Locally advanced pancreatic cancer is defined as the tumor that has not metastasized but encases the celiac axis or superior mesenteric artery, and represents about 25% of pancreatic cancer cases at presentation [10]. Patients with limited vascular involvement by tumor are considered to have borderline resectable disease and are often treated as locally advanced pancreatic cancer. It is widely accepted that a pancreatic tumor is unresectable when distant metastases are present or there is a local invasion or arterial (celiac trunk, hepatic artery, superior mesenteric artery) or venous (portal vein, superior mesenteric vein) vessels. But reality at the time of surgery may be more complex, and a tumor with no vascular invasion may be found to be nonresectable because of desmoplastic reaction. Expertise of surgeons in radical and revascularization techniques may significantly influence tumor resectability.

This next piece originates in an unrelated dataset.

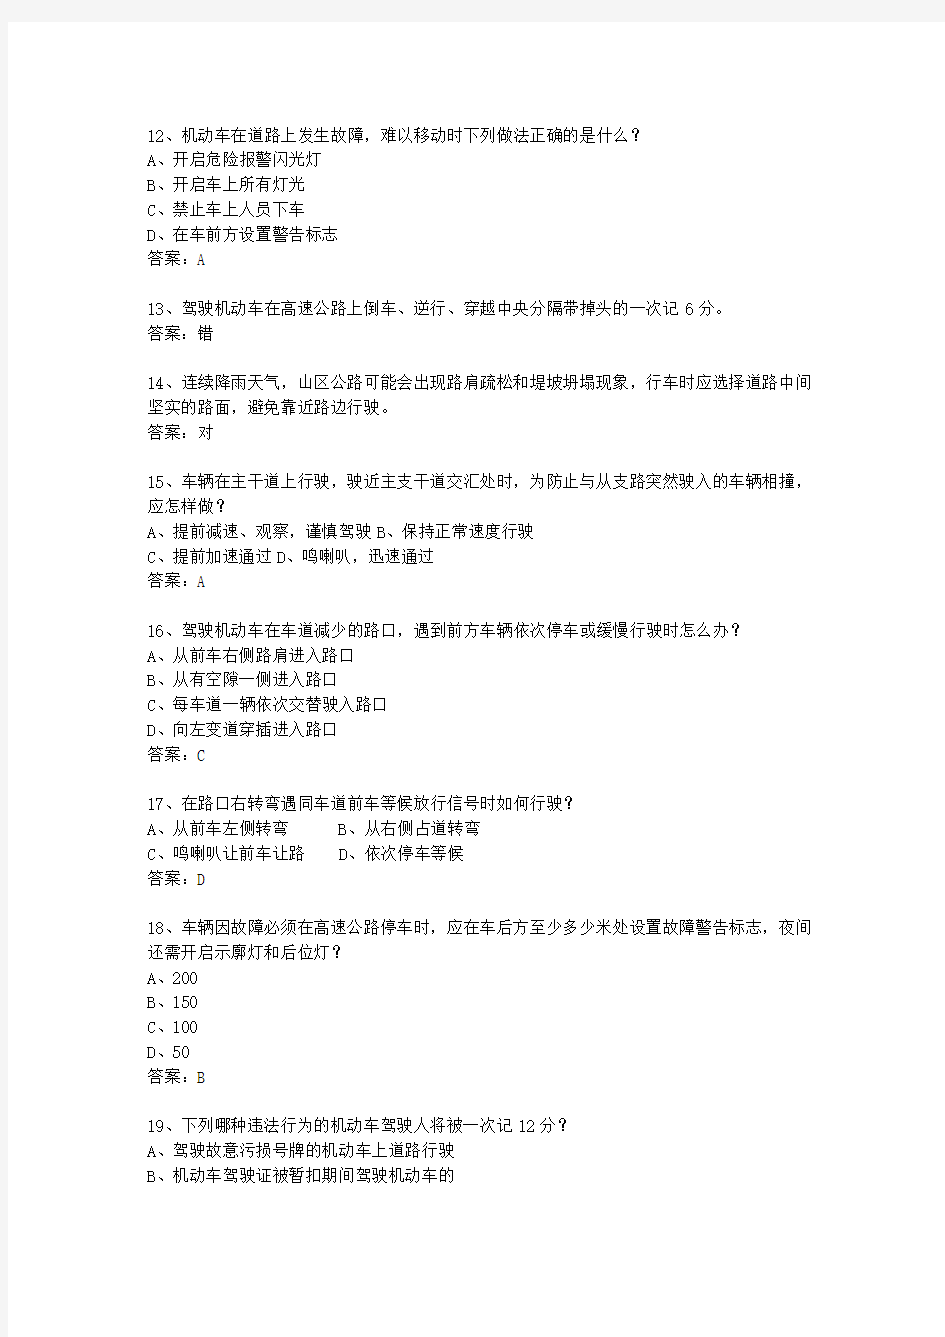 2015江西省驾校考试科目一手动挡(必备资料)

Although chemotherapy and radiotherapy are not curative, they may offer some clinical benefits, including shrinkage of the primary tumor, improvement of symptoms, and prolongation of survival. Other options of treatment may include chemotherapy alone to induction chemotherapy followed by chemoradiation. The median survival is limited to 10-12 months, leaving significant room for improvement [10]. The patients with unresectable pancreatic cancer should be considered for inclusion into investigational trials.

Advanced/Metastatic

Gemcitabine, with or without erlotinib, has been the standard chemotherapy in this setting but the benefit is only modest [11, 12]. Because gemcitabine has been considered a standard treatment for advanced pancreatic cancer for the past decade, several randomized trials have tested the combination of gemcitabine plus a second agent, including platinum based agents, topoisomerase inhibitors, taxanes, bevacizumab and cetuximab, as biologically “targeted” agents (Figure 1) [13, 14, 15, 16, 17]. Thus far gemcitabine and erlotinib combination is the only combination therapy in pancreatic cancer to ever demonstrate statistically significant benefits in overall survival, but with modest clinical benefit. Randomized studies of other targeted agents (bevacizumab and cetuximab) have been disappointing.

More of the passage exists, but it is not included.